> [WORK REQUEST]: Give back every record that follows, exactly as written.

> [Stored data entries]:
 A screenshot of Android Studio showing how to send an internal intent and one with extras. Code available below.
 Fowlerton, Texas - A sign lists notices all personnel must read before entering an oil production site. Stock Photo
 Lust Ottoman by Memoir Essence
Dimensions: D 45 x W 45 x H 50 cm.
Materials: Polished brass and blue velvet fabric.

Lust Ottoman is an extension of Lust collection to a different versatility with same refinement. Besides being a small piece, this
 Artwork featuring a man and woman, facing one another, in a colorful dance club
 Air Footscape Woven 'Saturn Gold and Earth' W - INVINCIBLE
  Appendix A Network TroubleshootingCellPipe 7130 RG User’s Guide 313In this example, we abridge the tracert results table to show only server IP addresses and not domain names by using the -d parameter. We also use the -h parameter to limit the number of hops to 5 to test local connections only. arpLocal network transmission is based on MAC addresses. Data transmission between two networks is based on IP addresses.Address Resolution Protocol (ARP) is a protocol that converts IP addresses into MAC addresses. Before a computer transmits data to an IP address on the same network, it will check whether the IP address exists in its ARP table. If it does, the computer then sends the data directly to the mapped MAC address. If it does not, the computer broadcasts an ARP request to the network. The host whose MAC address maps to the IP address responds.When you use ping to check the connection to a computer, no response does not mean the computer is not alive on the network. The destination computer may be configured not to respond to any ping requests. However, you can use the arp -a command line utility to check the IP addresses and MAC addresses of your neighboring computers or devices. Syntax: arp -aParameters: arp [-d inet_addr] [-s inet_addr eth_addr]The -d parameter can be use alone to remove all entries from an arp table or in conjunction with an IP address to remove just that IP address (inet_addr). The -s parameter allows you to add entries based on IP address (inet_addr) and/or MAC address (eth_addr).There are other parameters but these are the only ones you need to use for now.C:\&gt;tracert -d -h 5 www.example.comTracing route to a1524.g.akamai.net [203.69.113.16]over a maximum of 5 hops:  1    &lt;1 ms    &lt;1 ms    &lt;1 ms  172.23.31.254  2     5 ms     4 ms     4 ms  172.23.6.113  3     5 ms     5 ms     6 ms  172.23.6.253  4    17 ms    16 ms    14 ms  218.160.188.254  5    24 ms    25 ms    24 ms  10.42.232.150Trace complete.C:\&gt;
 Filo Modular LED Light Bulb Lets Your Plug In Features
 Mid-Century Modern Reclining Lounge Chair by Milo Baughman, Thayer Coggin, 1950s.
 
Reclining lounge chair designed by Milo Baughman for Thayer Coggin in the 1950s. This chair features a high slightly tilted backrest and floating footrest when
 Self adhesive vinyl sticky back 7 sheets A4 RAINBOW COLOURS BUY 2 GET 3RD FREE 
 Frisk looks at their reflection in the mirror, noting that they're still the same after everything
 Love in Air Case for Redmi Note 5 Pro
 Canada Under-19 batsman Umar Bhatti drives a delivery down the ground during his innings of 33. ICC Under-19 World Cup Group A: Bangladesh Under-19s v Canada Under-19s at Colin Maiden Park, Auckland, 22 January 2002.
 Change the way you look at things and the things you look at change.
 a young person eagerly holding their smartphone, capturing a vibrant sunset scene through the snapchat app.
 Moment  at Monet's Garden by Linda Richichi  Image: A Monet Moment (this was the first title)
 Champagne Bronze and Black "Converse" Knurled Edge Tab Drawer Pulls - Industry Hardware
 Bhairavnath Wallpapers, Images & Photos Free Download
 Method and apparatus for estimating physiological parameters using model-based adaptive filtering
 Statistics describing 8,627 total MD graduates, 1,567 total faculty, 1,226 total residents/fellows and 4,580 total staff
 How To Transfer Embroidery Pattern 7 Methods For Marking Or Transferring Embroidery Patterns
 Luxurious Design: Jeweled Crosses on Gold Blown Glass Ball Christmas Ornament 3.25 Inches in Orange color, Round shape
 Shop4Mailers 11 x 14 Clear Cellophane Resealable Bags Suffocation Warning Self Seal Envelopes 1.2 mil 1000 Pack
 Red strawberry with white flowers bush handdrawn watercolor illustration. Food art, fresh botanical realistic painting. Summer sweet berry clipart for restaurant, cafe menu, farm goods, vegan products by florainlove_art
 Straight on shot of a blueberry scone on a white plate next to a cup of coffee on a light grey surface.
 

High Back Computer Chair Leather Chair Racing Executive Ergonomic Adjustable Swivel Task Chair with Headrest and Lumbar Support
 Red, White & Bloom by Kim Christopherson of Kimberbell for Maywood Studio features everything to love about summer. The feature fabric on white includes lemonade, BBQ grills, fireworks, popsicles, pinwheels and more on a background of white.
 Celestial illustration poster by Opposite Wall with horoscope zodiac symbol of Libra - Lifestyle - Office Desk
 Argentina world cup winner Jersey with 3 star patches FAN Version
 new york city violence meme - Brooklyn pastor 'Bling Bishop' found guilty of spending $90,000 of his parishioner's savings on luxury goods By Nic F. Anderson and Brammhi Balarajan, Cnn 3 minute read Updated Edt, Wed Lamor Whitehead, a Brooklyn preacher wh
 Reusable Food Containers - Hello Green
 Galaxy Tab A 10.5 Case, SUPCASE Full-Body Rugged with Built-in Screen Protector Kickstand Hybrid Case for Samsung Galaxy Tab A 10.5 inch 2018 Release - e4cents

> [TASK RESULT]:
 A screenshot of Android Studio showing how to send an internal intent and one with extras. Code available below.
 Fowlerton, Texas - A sign lists notices all personnel must read before entering an oil production site. Stock Photo
 Lust Ottoman by Memoir Essence
Dimensions: D 45 x W 45 x H 50 cm.
Materials: Polished brass and blue velvet fabric.

Lust Ottoman is an extension of Lust collection to a different versatility with same refinement. Besides being a small piece, this
 Artwork featuring a man and woman, facing one another, in a colorful dance club
 Air Footscape Woven 'Saturn Gold and Earth' W - INVINCIBLE
  Appendix A Network TroubleshootingCellPipe 7130 RG User’s Guide 313In this example, we abridge the tracert results table to show only server IP addresses and not domain names by using the -d parameter. We also use the -h parameter to limit the number of hops to 5 to test local connections only. arpLocal network transmission is based on MAC addresses. Data transmission between two networks is based on IP addresses.Address Resolution Protocol (ARP) is a protocol that converts IP addresses into MAC addresses. Before a computer transmits data to an IP address on the same network, it will check whether the IP address exists in its ARP table. If it does, the computer then sends the data directly to the mapped MAC address. If it does not, the computer broadcasts an ARP request to the network. The host whose MAC address maps to the IP address responds.When you use ping to check the connection to a computer, no response does not mean the computer is not alive on the network. The destination computer may be configured not to respond to any ping requests. However, you can use the arp -a command line utility to check the IP addresses and MAC addresses of your neighboring computers or devices. Syntax: arp -aParameters: arp [-d inet_addr] [-s inet_addr eth_addr]The -d parameter can be use alone to remove all entries from an arp table or in conjunction with an IP address to remove just that IP address (inet_addr). The -s parameter allows you to add entries based on IP address (inet_addr) and/or MAC address (eth_addr).There are other parameters but these are the only ones you need to use for now.C:\&gt;tracert -d -h 5 www.example.comTracing route to a1524.g.akamai.net [203.69.113.16]over a maximum of 5 hops:  1    &lt;1 ms    &lt;1 ms    &lt;1 ms  172.23.31.254  2     5 ms     4 ms     4 ms  172.23.6.113  3     5 ms     5 ms     6 ms  172.23.6.253  4    17 ms    16 ms    14 ms  218.160.188.254  5    24 ms    25 ms    24 ms  10.42.232.150Trace complete.C:\&gt;
 Filo Modular LED Light Bulb Lets Your Plug In Features
 Mid-Century Modern Reclining Lounge Chair by Milo Baughman, Thayer Coggin, 1950s.
 
Reclining lounge chair designed by Milo Baughman for Thayer Coggin in the 1950s. This chair features a high slightly tilted backrest and floating footrest when
 Self adhesive vinyl sticky back 7 sheets A4 RAINBOW COLOURS BUY 2 GET 3RD FREE 
 Frisk looks at their reflection in the mirror, noting that they're still the same after everything
 Love in Air Case for Redmi Note 5 Pro
 Canada Under-19 batsman Umar Bhatti drives a delivery down the ground during his innings of 33. ICC Under-19 World Cup Group A: Bangladesh Under-19s v Canada Under-19s at Colin Maiden Park, Auckland, 22 January 2002.
 Change the way you look at things and the things you look at change.
 a young person eagerly holding their smartphone, capturing a vibrant sunset scene through the snapchat app.
 Moment  at Monet's Garden by Linda Richichi  Image: A Monet Moment (this was the first title)
 Champagne Bronze and Black "Converse" Knurled Edge Tab Drawer Pulls - Industry Hardware
 Bhairavnath Wallpapers, Images & Photos Free Download
 Method and apparatus for estimating physiological parameters using model-based adaptive filtering
 Statistics describing 8,627 total MD graduates, 1,567 total faculty, 1,226 total residents/fellows and 4,580 total staff
 How To Transfer Embroidery Pattern 7 Methods For Marking Or Transferring Embroidery Patterns
 Luxurious Design: Jeweled Crosses on Gold Blown Glass Ball Christmas Ornament 3.25 Inches in Orange color, Round shape
 Shop4Mailers 11 x 14 Clear Cellophane Resealable Bags Suffocation Warning Self Seal Envelopes 1.2 mil 1000 Pack
 Red strawberry with white flowers bush handdrawn watercolor illustration. Food art, fresh botanical realistic painting. Summer sweet berry clipart for restaurant, cafe menu, farm goods, vegan products by florainlove_art
 Straight on shot of a blueberry scone on a white plate next to a cup of coffee on a light grey surface.
 

High Back Computer Chair Leather Chair Racing Executive Ergonomic Adjustable Swivel Task Chair with Headrest and Lumbar Support
 Red, White & Bloom by Kim Christopherson of Kimberbell for Maywood Studio features everything to love about summer. The feature fabric on white includes lemonade, BBQ grills, fireworks, popsicles, pinwheels and more on a background of white.
 Celestial illustration poster by Opposite Wall with horoscope zodiac symbol of Libra - Lifestyle - Office Desk
 Argentina world cup winner Jersey with 3 star patches FAN Version
 new york city violence meme - Brooklyn pastor 'Bling Bishop' found guilty of spending $90,000 of his parishioner's savings on luxury goods By Nic F. Anderson and Brammhi Balarajan, Cnn 3 minute read Updated Edt, Wed Lamor Whitehead, a Brooklyn preacher wh
 Reusable Food Containers - Hello Green
 Galaxy Tab A 10.5 Case, SUPCASE Full-Body Rugged with Built-in Screen Protector Kickstand Hybrid Case for Samsung Galaxy Tab A 10.5 inch 2018 Release - e4cents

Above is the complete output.